The pharmaceutical composition of the present invention may be prepared using diluents or excipients such as fillers, extenders, binders, wetting agents, disintegrants, and surfactants. Solid preparations for oral administration include tablets, pills, powders, granules, capsules, and the like, and these solid preparations include at least one excipient in one or more compounds, such as starch, calcium carbonate, sucrose, or lactose ( lactose), gelatin, etc. In addition, in addition to simple excipients, lubricants such as magnesium stearate and talc are also used. Liquid preparations for oral administration include suspensions, liquid solutions, emulsions, syrups, etc.In addition to water and liquid paraffin, which are commonly used simple diluents, various excipients such as wetting agents, sweetening agents, fragrances, and preservatives may be included. have. Formulations for parenteral administration include sterilized aqueous solutions, non-aqueous solvents, suspensions, emulsions, lyophilized agents, and suppositories. As the non-aqueous solvent and the suspension solvent, propylene glycol, polyethylene glycol, vegetable oil such as olive oil, and injectable ester such as ethyl oleate may be used. As a base for suppositories, witepsol, macrogol, tween 61, cacao butter, laurin, glycero gelatin, and the like may be used.

The composition according to the present invention is administered in a pharmaceutically effective amount. In the present invention, the'pharmaceutically effective amount' means an amount sufficient to treat a disease at a reasonable benefit/risk ratio applicable to medical treatment, and the effective dose level is the type of disease, severity, and drug activity of the patient. , Sensitivity to drugs, time of administration, route of administration and rate of excretion, duration of treatment, factors including drugs used concurrently, and other factors well known in the medical field. The composition of the present invention may be administered as an individual therapeutic agent or administered in combination with other therapeutic agents, may be administered sequentially or simultaneously with a conventional therapeutic agent, and may be administered single or multiple. It is important to administer an amount capable of obtaining the maximum effect in a minimum amount without side effects in consideration of all the above factors, and this can be easily determined by a person skilled in the art.

The dosage of the composition of the present invention can be used in various ranges according to the patient's weight, age, sex, health status, diet, administration time, administration method, excretion rate, and severity of disease.

Hereinafter, the present invention will be described in more detail using examples. These examples are only for describing the present invention in more detail, and it is apparent to those of ordinary skill in the art that the scope of the present invention is not limited thereto.

1. Material purchase

Glycol chitosan (60% or more, degree of deacetylation = 91.6%), methyl acrylate (99%), methanol (anhydrous, 99.8%), ethylenediamine (99% or more), (methoxycarbonylmethyl) triphenylphos Phonium bromide (98%) and Nile Red were purchased from Sigma-Aldrich.

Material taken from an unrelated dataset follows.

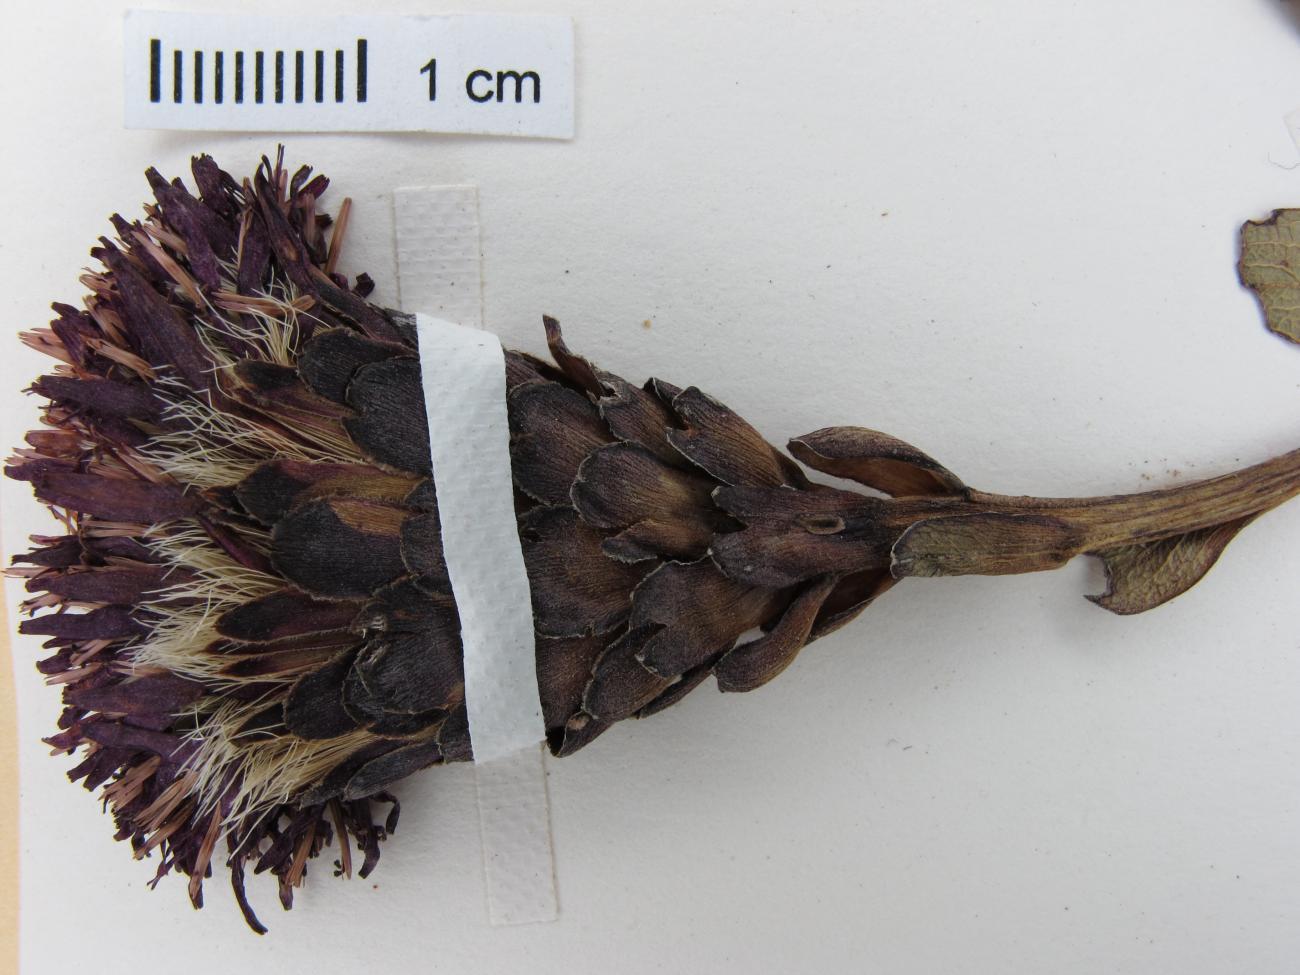 Acourtia wislizeni image

Using gel permeation chromatography (GPC) through TSKgel G5000pWxl-CP and TSKgel G3000PWx1-CP columns, the glycol chitosan molecular weight (Mn=198kDa, Mw=490kDa) and dispersion index (Mw/Mn)=2.47 were confirmed. EZ-cytox reagent (EZ-cytox enhanced cell viability assay kit) and EZ-LDH reagent (Cell Cytoxicity Assay Kit) were purchased from Daeil Lab Service (Seoul, Korea). Fetal bovine serum (FBS), Dulbecco's modified Eagle medium (DMEM) and 100× antibiotic-antibacterial agents were purchased from Githersburg, MD, USA. Alexafluor488 5-SDP ester (Sulfodichlorophenol Ester) and MitoTracker ^® Red CMXRos were purchased from Invitrogen (Seoul, Korea).

2. Cell culture

Human liver cancer cell line HepG ₂ , human embryonic kidney-derived cell line HEK 293, cervical cancer cell line HeLa and mouse normal fibroblasts NIH-3T3 were mixed with 10% FBS, 90% DMEM (Dulbecco's modified eagle medium) and 1% antibiotics with humidity 5% CO _{Is 2} , Incubated under conditions of 37°C.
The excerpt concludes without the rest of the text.